■ **The data**
● ● ● ●

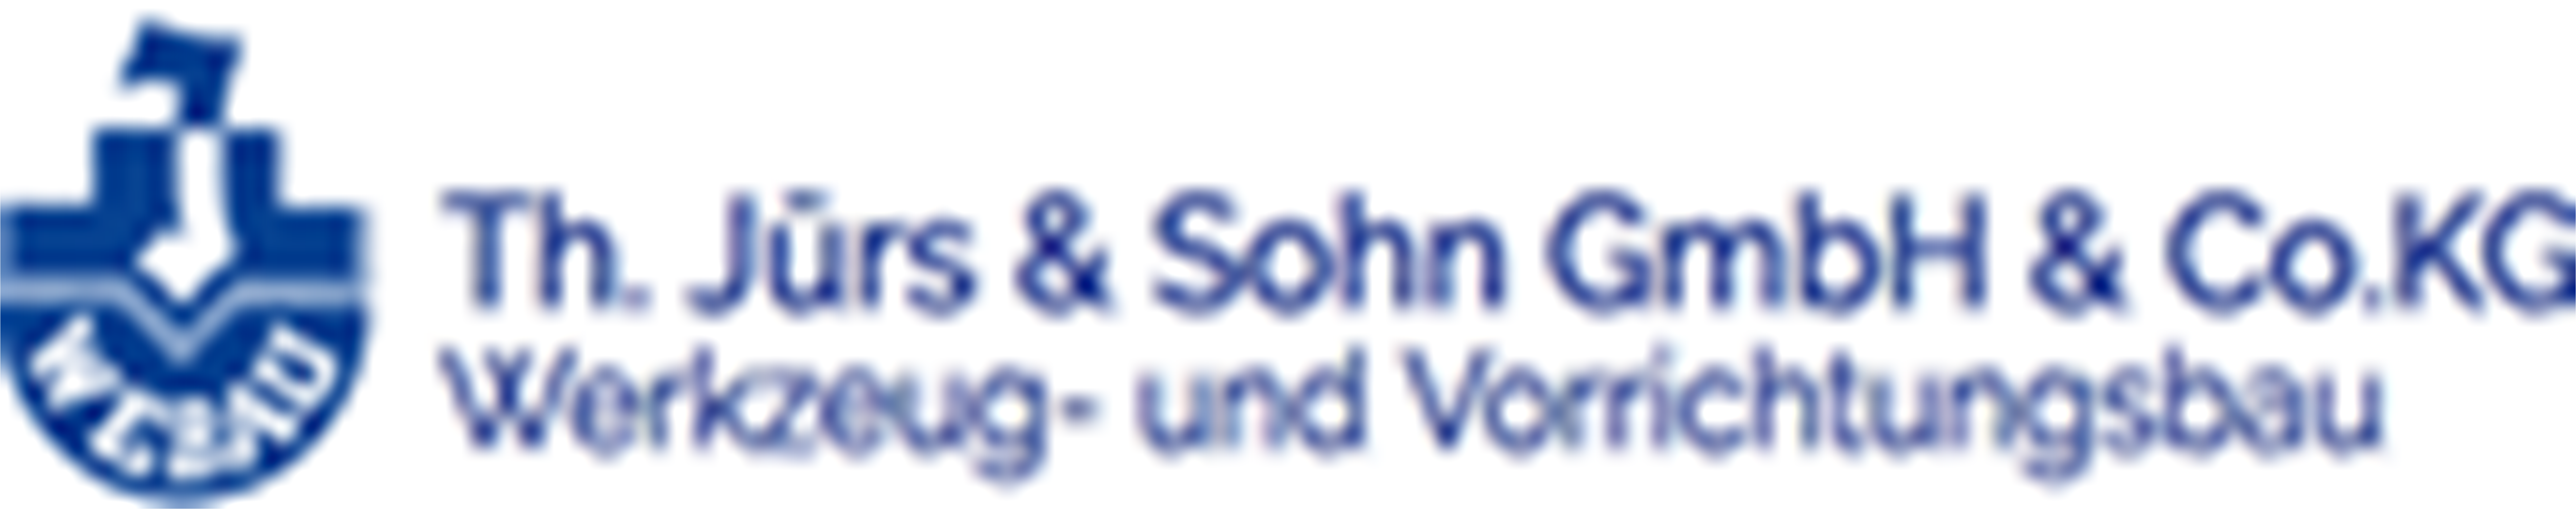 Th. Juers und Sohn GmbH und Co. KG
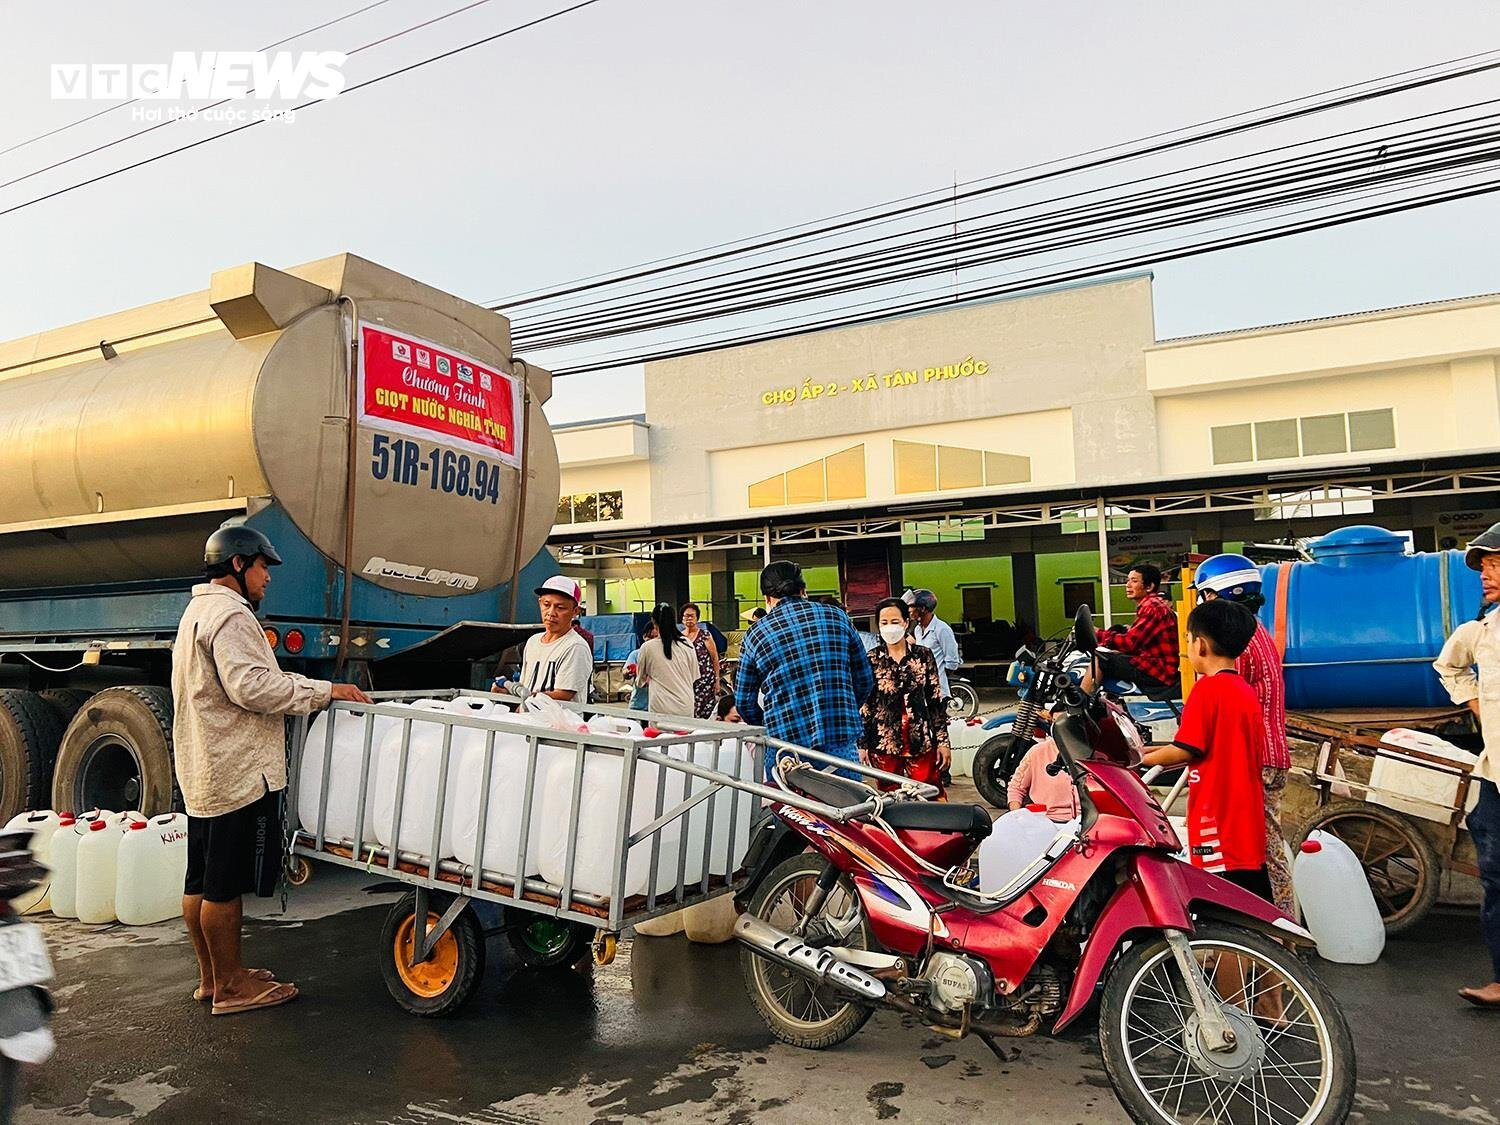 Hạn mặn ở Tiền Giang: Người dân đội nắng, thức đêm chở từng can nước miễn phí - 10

● ● ● ●

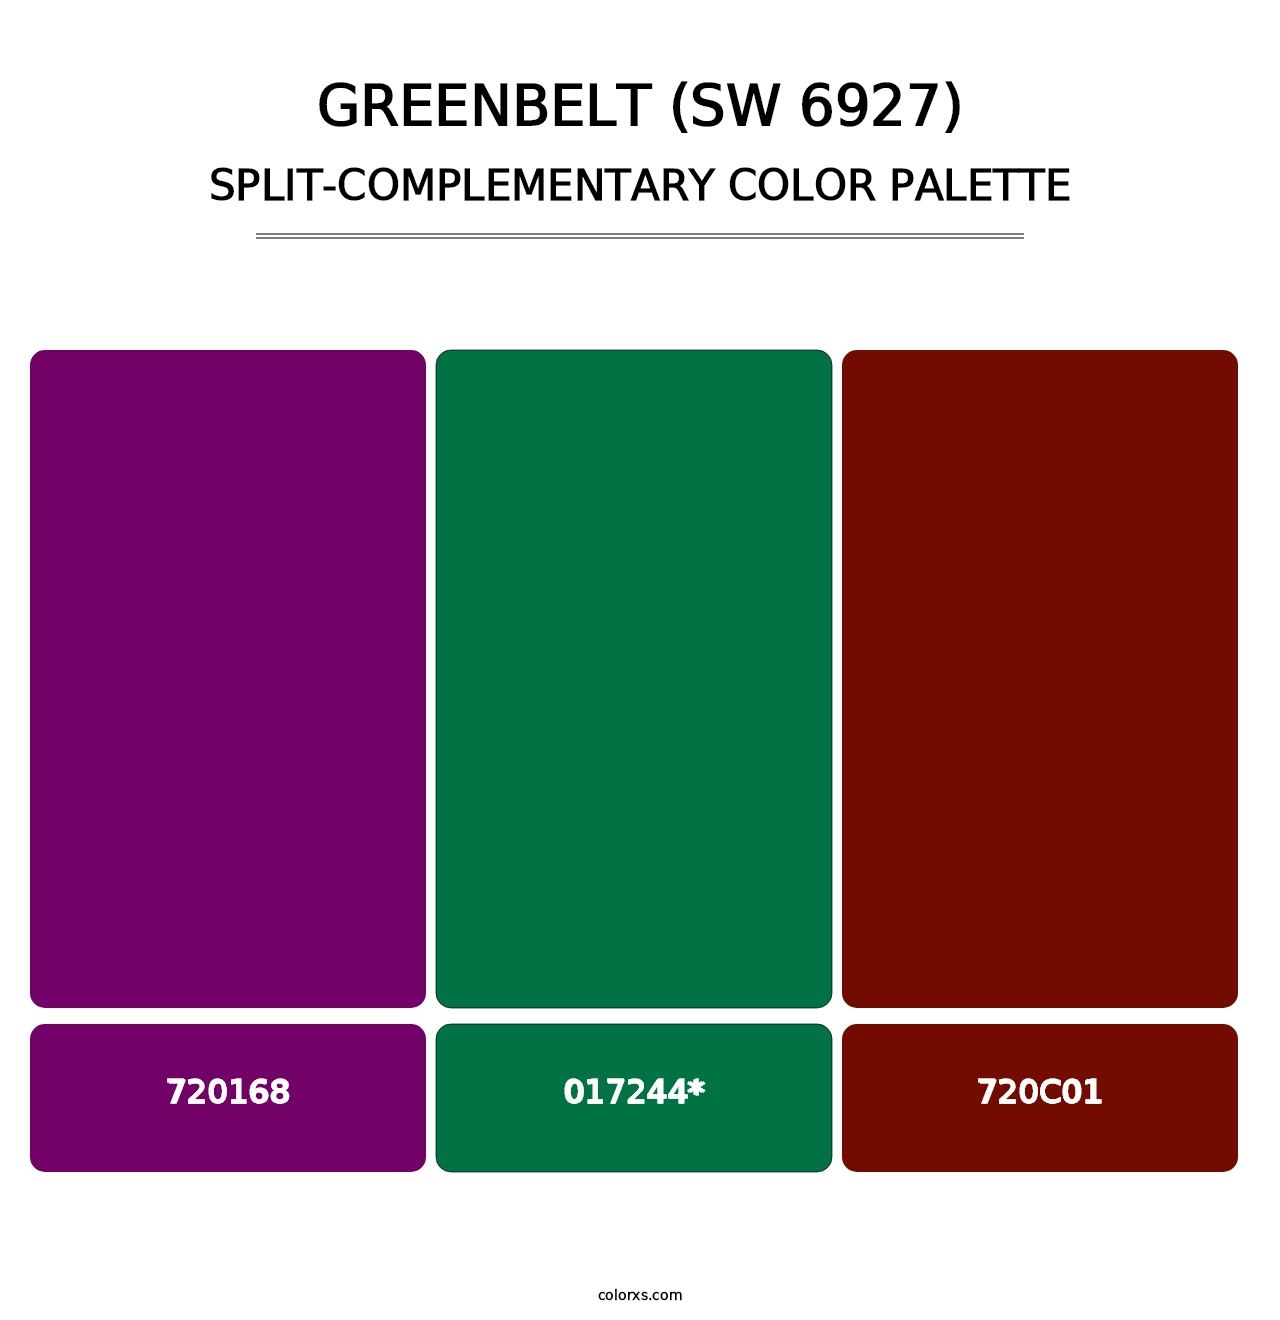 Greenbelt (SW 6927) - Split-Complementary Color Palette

● ● ● ●

Copy out exactly the material that runs from the line with "Th. Juers und Sohn GmbH und Co. KG" to the line with "Hạn mặn ở Tiền", ends included, and leave the pictures behind.

■ **Task result**
 Th. Juers und Sohn GmbH und Co. KG
 Hạn mặn ở Tiền Giang: Người dân đội nắng, thức đêm chở từng can nước miễn phí - 10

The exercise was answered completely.